Posts tagged with "Connecticut General Statutes"

State’s High Court Finds Drug Offense Convictions Proper Where Defendant Constructively Possessed Narcotics and Cannabis in His Wife’s Car

In a criminal law matter, the Supreme Court of Connecticut held, in part, that the State presented sufficient evidence to convict the defendant of drug possession charges under the theory of constructive possession.

Case Background

This case arose from an incident that occurred on September 18, 2007. Narcotics officers initiated a valid traffic stop of the defendant, who was driving his wife’s vehicle with a friend in the passenger seat. The defendant avoided answering questions and “began nervously placing his hands inside his sweatshirt pockets and under his clothing.” The officer became concerned for his safety and ordered the defendant to keep his hands visible, but the defendant refused and a physical altercation ensued. During the struggle, a white package fell from the defendant’s pocket to the ground. It contained five wax folds that held a white powdery substance consistent with heroin.

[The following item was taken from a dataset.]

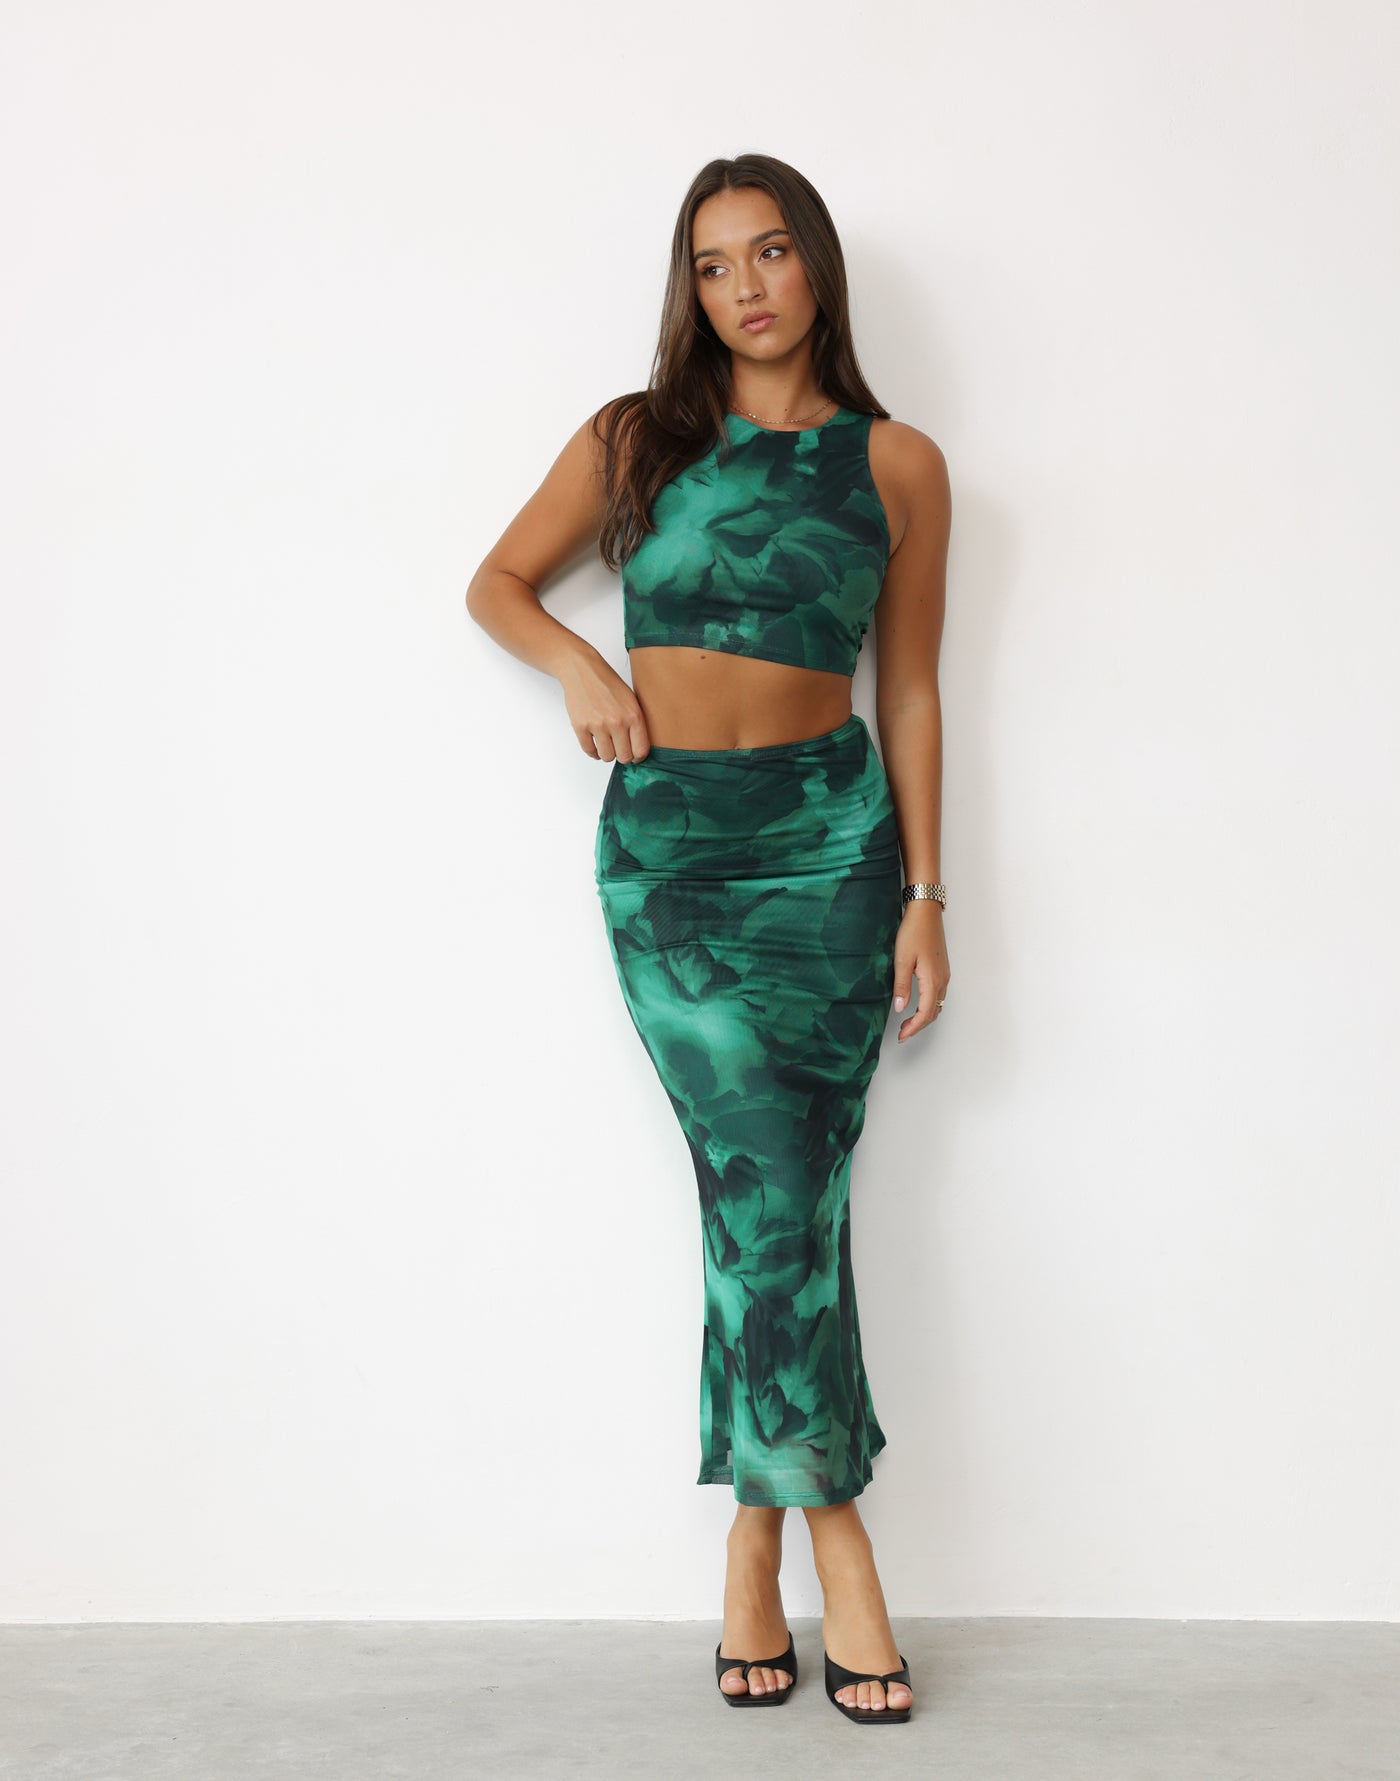 Clare Top (Jade) - Printed High Round Neckline Cropped Top - Women's Top - Charcoal Clothing

The defendant was placed under arrest, and a subsequent search of his person revealed rolling papers and $552 in cash. While being brought to the patrol car, the defendant twisted out of the officers’ grip, lunged for the package and swallowed it, then “laughed at the officers and said, ‘gotcha.’” After both the defendant and his friend were placed in the cruisers, a search of the vehicle revealed two bags of crack cocaine and three bags of marijuana located in the center console.

Nonexclusive Possession of Narcotics

The defendant was subsequently convicted of possession of narcotics, possession of a controlled substance, interfering with an officer, and tampering with physical evidence, in violation of Connecticut General Statutes §§ 21a-179(a), 21a-279(c), 53a-167a, and 53a-155. On appeal, the defendant argued, in part, that the court “improperly applied the doctrine of nonexclusive possession,” resulting in insufficient evidence to convict him of the possessory offenses.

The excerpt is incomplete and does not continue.